Although the listing contains pictures, reproduce only its text, exactly as written.

## GIVEN DATA
-------------------------

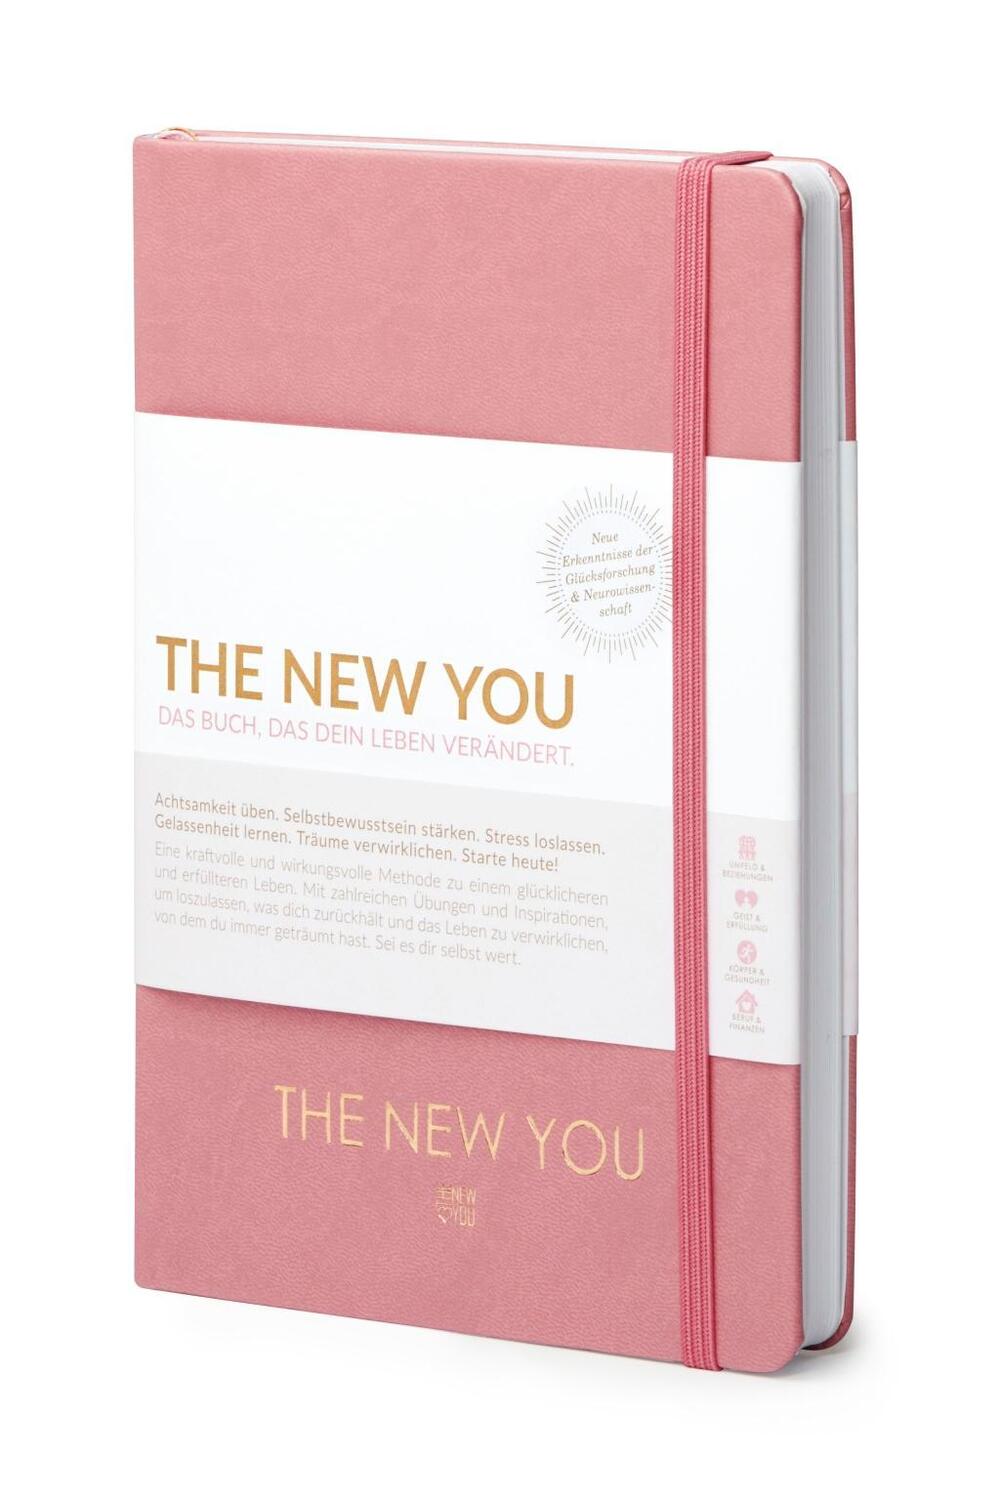 Bild: 9783981891423 | THE NEW YOU (rosa) - Das Buch, das dein Leben verändert. | Iris Reiche
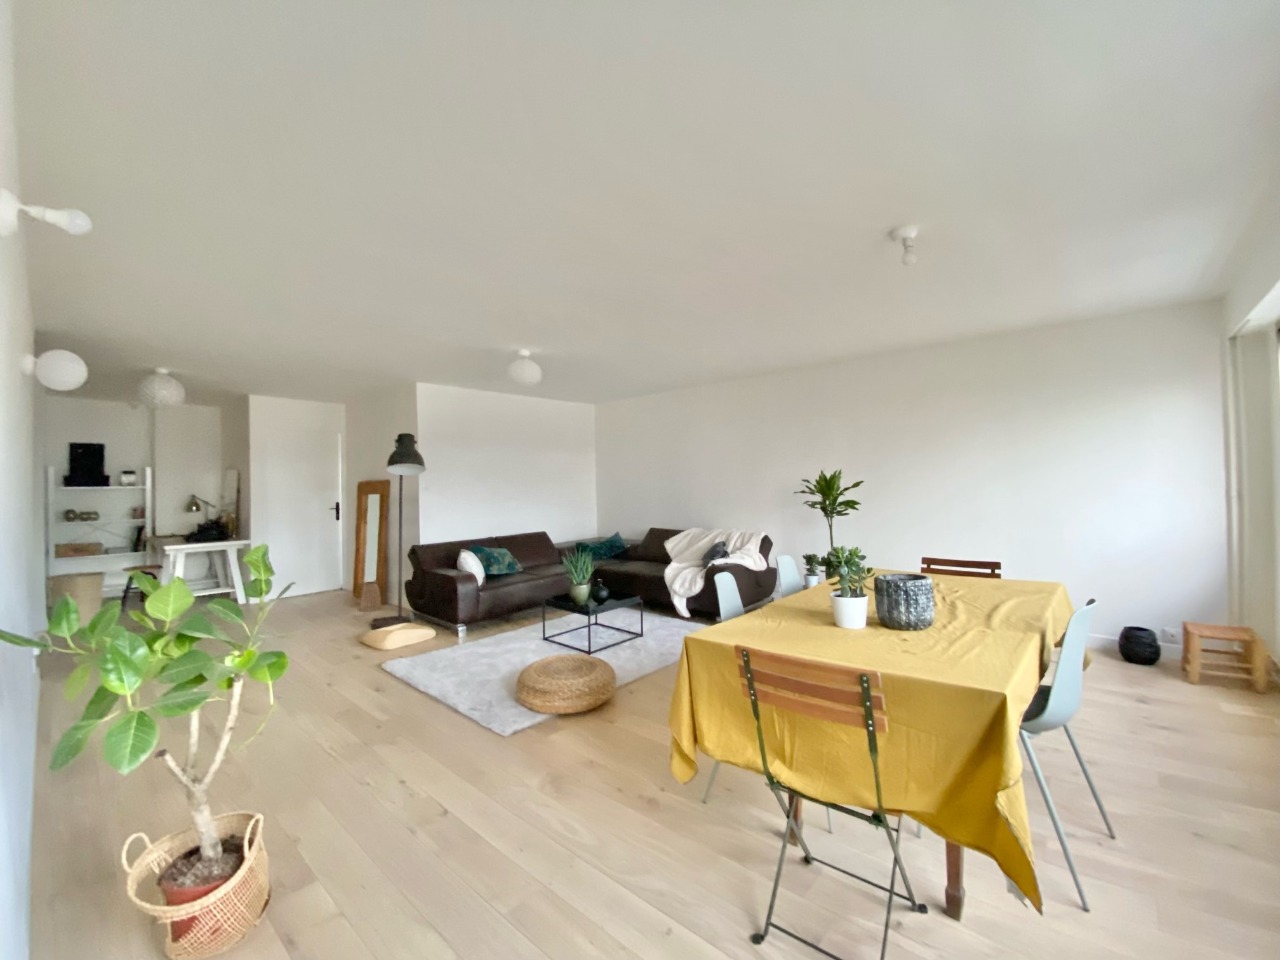 Appartement entierement renove 3 chambres et parkings Photo 2 - Paris Lille Immobilier
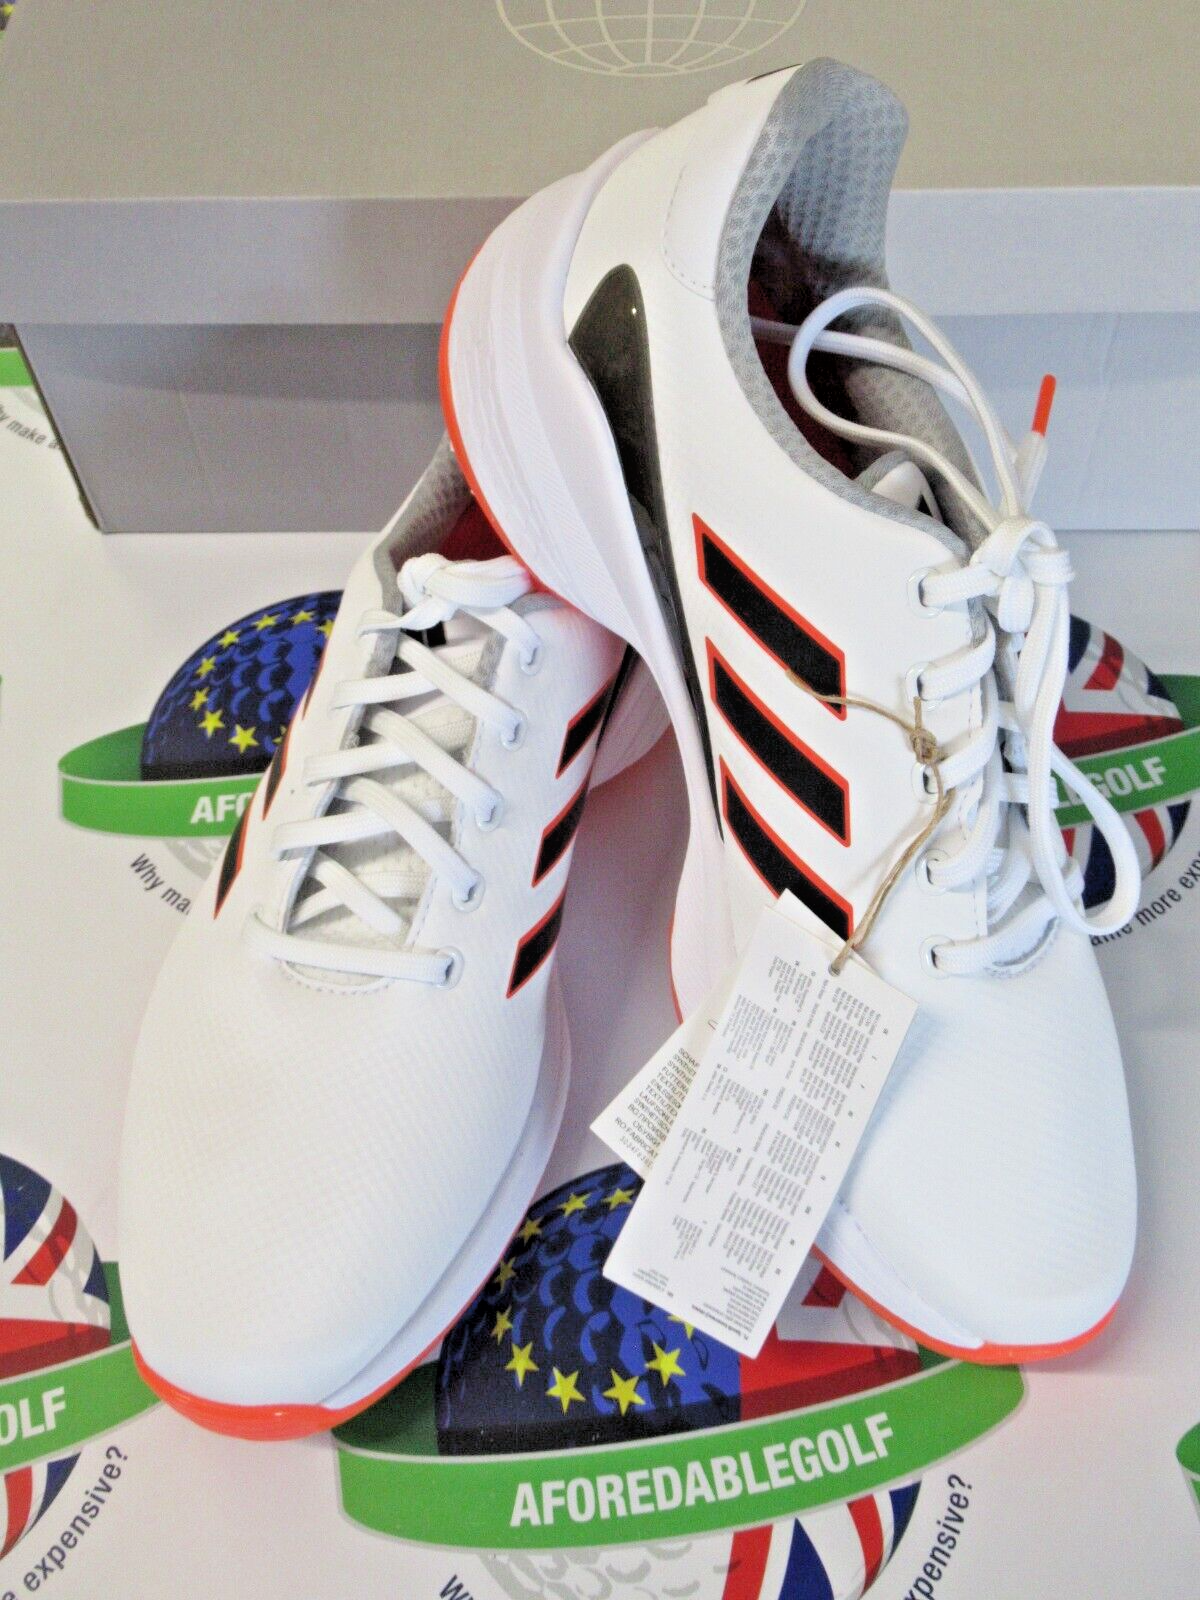 adidas zg23 waterproof golf shoes white/orange uk size 7

-------------------------

## WRITTEN RESPONSE
 Bild: 9783981891423 | THE NEW YOU (rosa) - Das Buch, das dein Leben verändert. | Iris Reiche
 Appartement entierement renove 3 chambres et parkings Photo 2 - Paris Lille Immobilier
 adidas zg23 waterproof golf shoes white/orange uk size 7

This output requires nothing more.